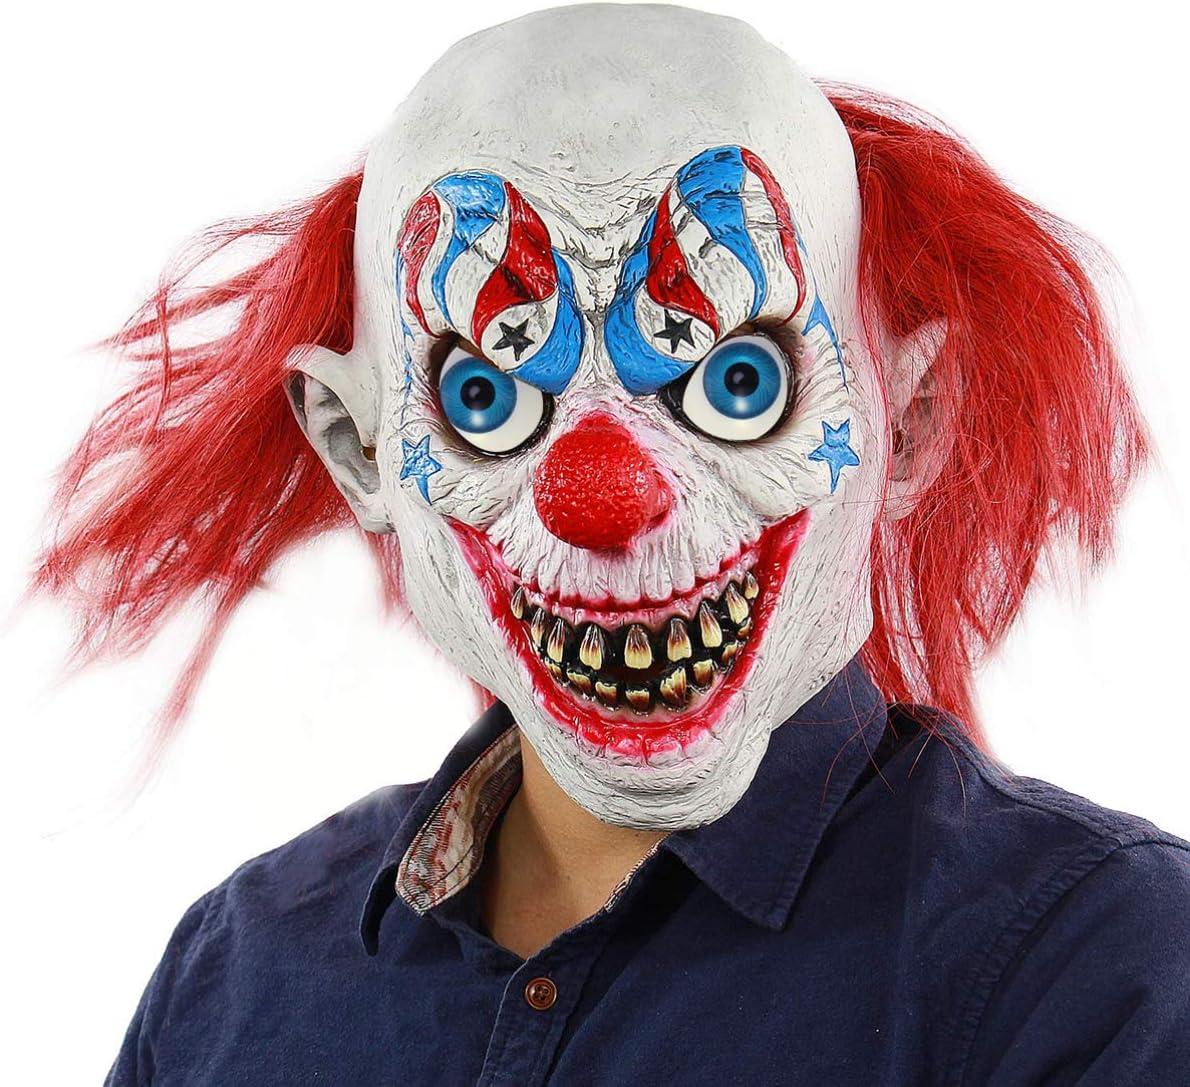 Halloween Eyeballs Horror Props Plastic Eyeballs for Halloween Decoration Party DIY Cosplay, 8PCS
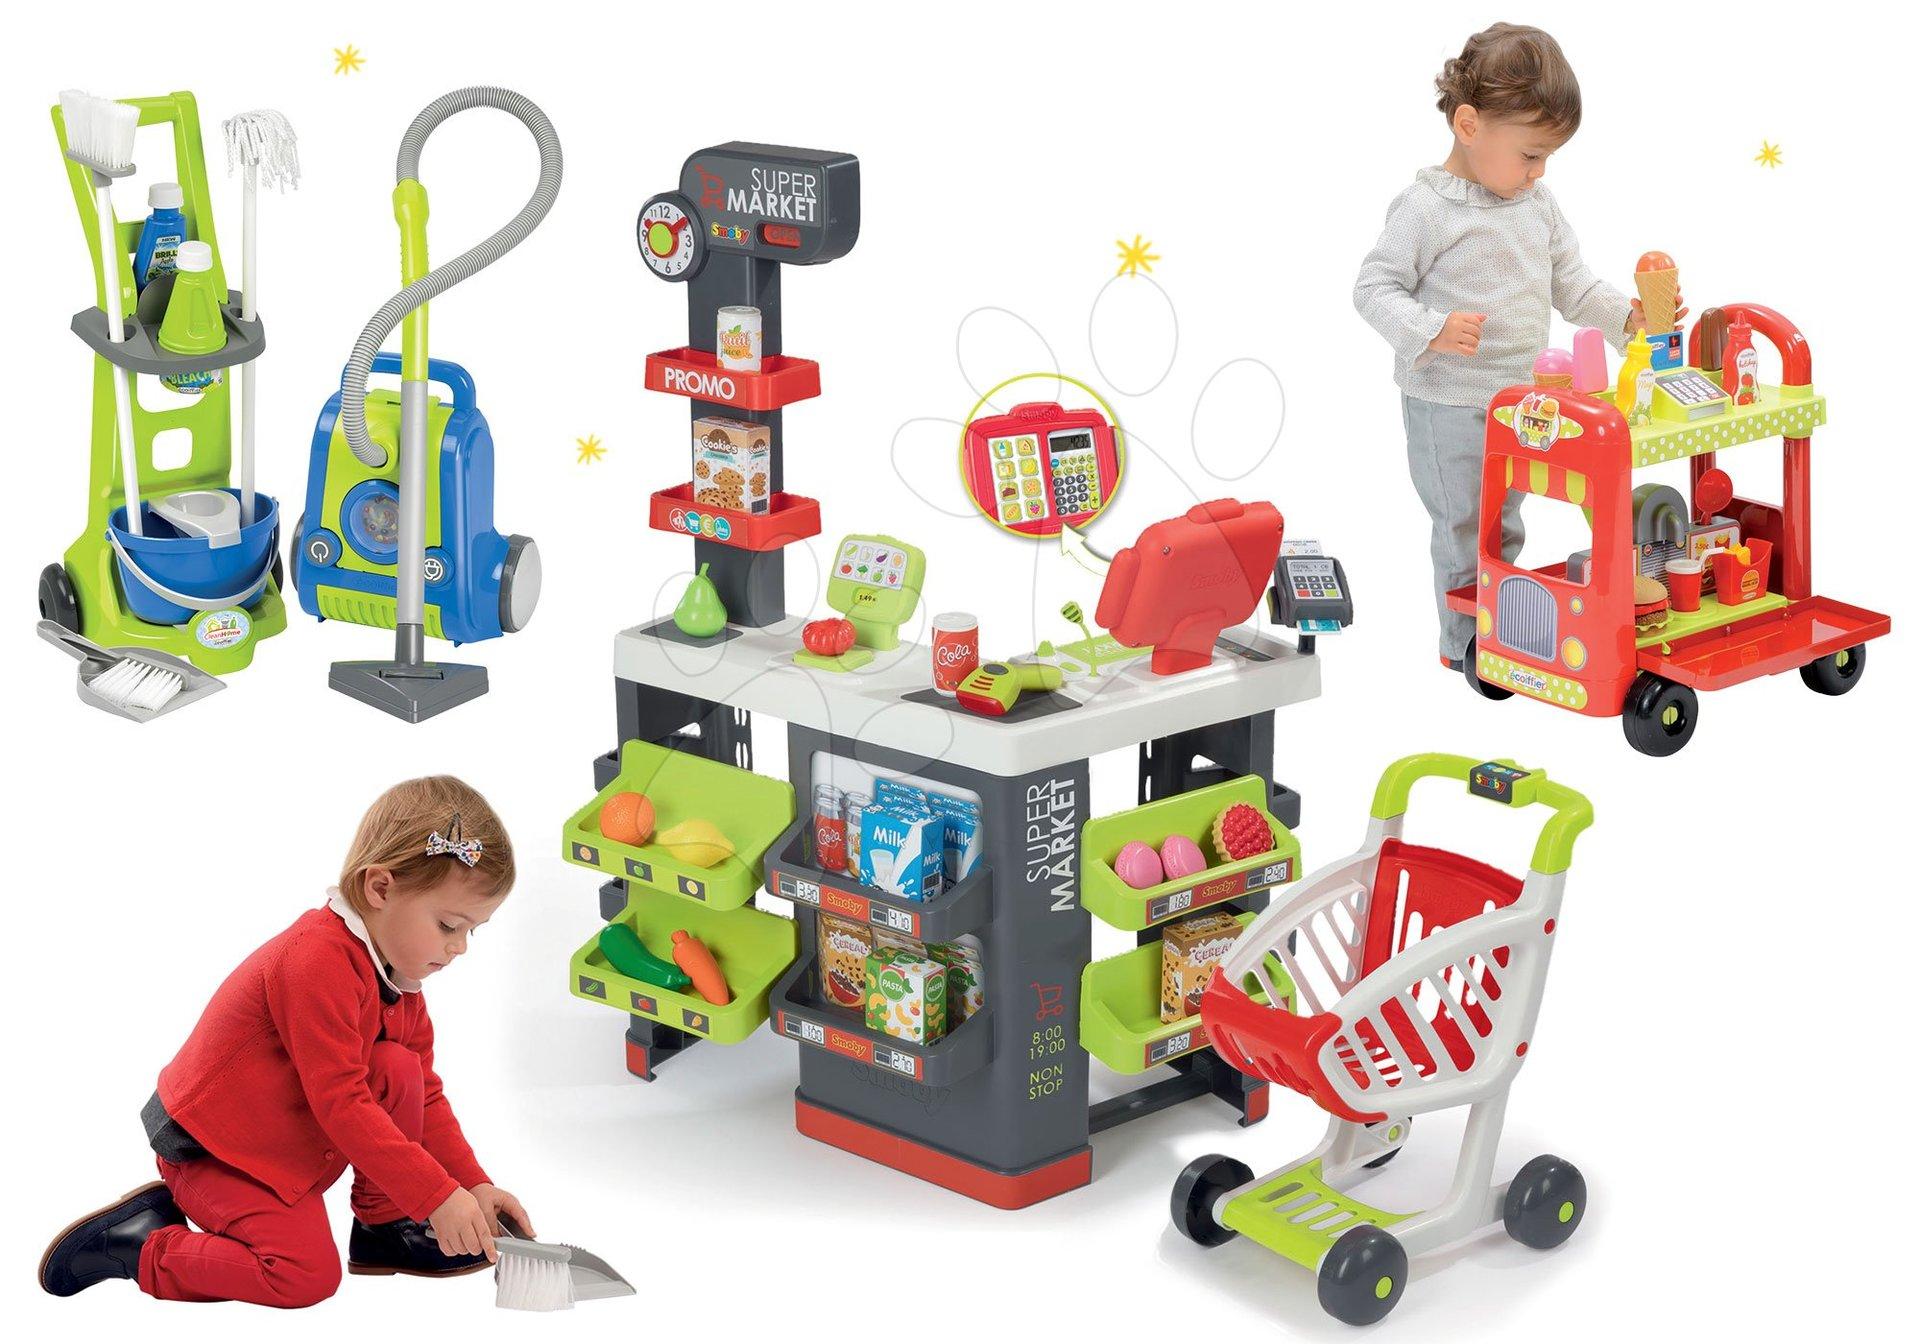 Obchody pre deti sety - Set obchod Supermarket Smoby s elektronickou pokladňou a vozík so zmrzlinou a upratovací set
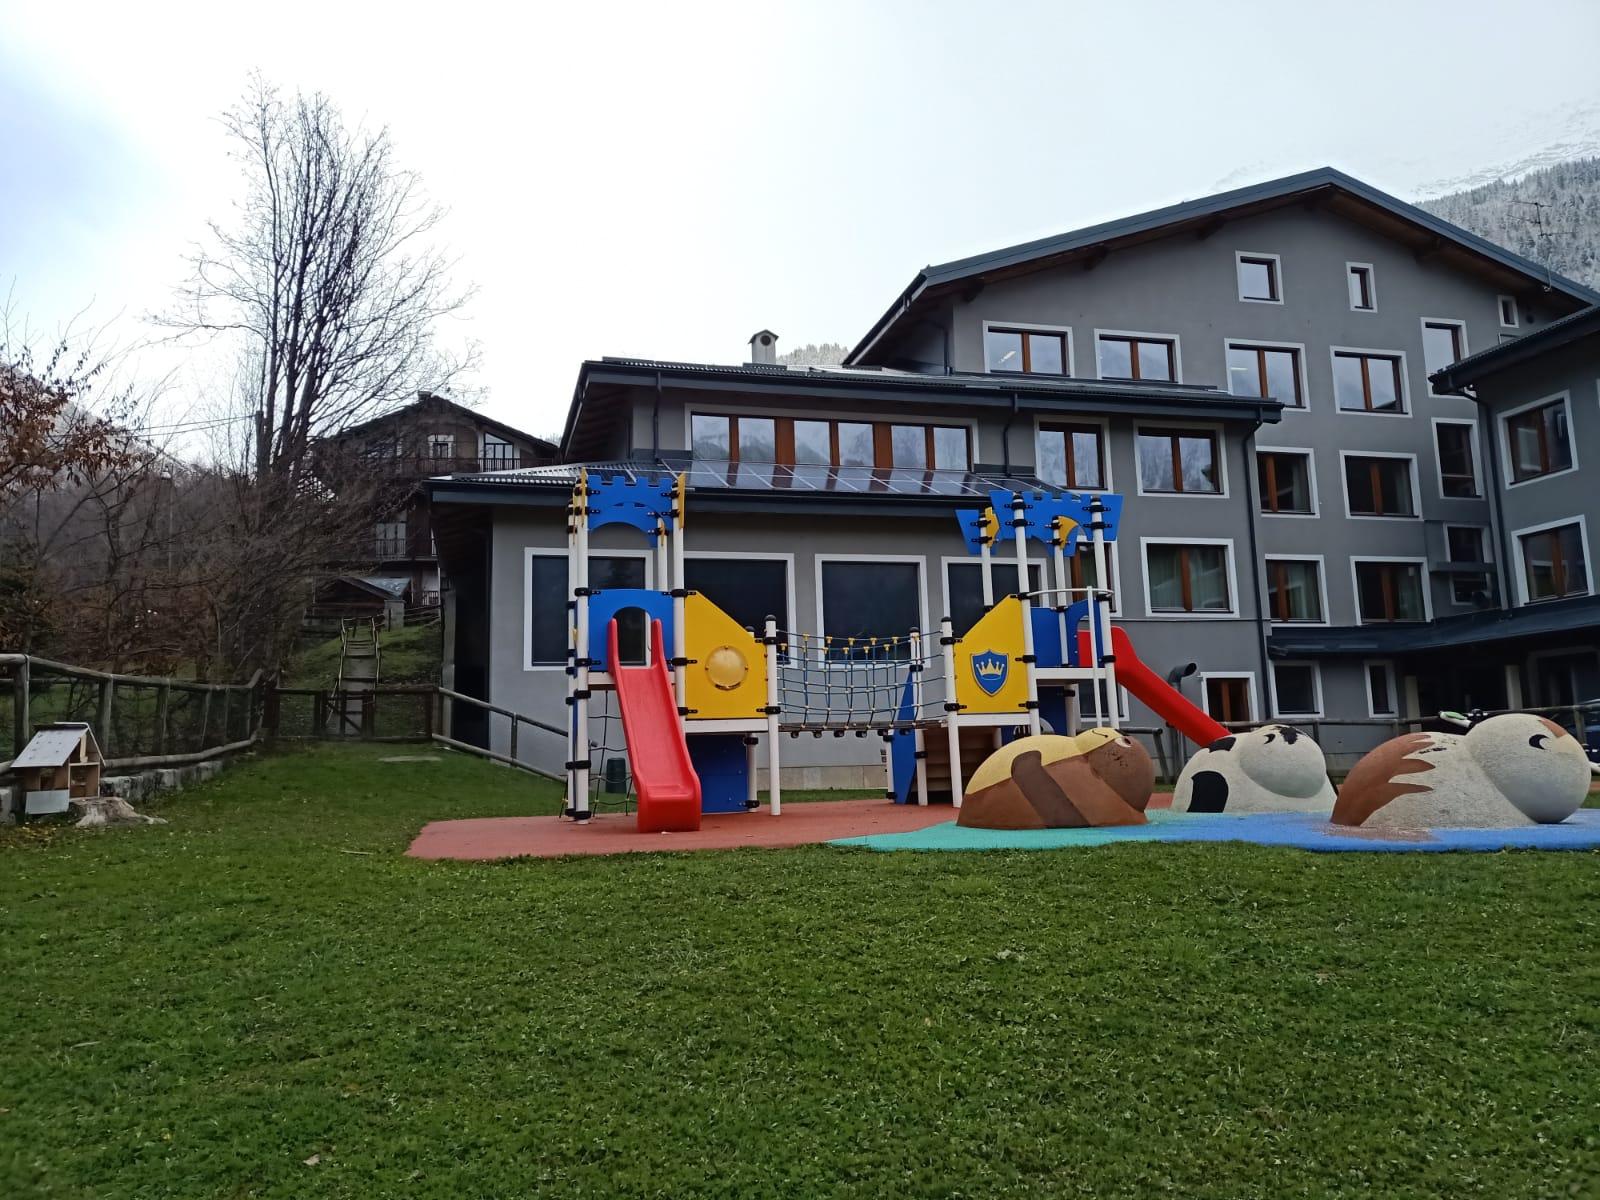 scuola regionale infanzia courmayeur

**********

Instructions to follow
The material above is to be transcribed exactly, with all pictures omitted.

Final answer
 Halloween Eyeballs Horror Props Plastic Eyeballs for Halloween Decoration Party DIY Cosplay, 8PCS
 Obchody pre deti sety - Set obchod Supermarket Smoby s elektronickou pokladňou a vozík so zmrzlinou a upratovací set
 scuola regionale infanzia courmayeur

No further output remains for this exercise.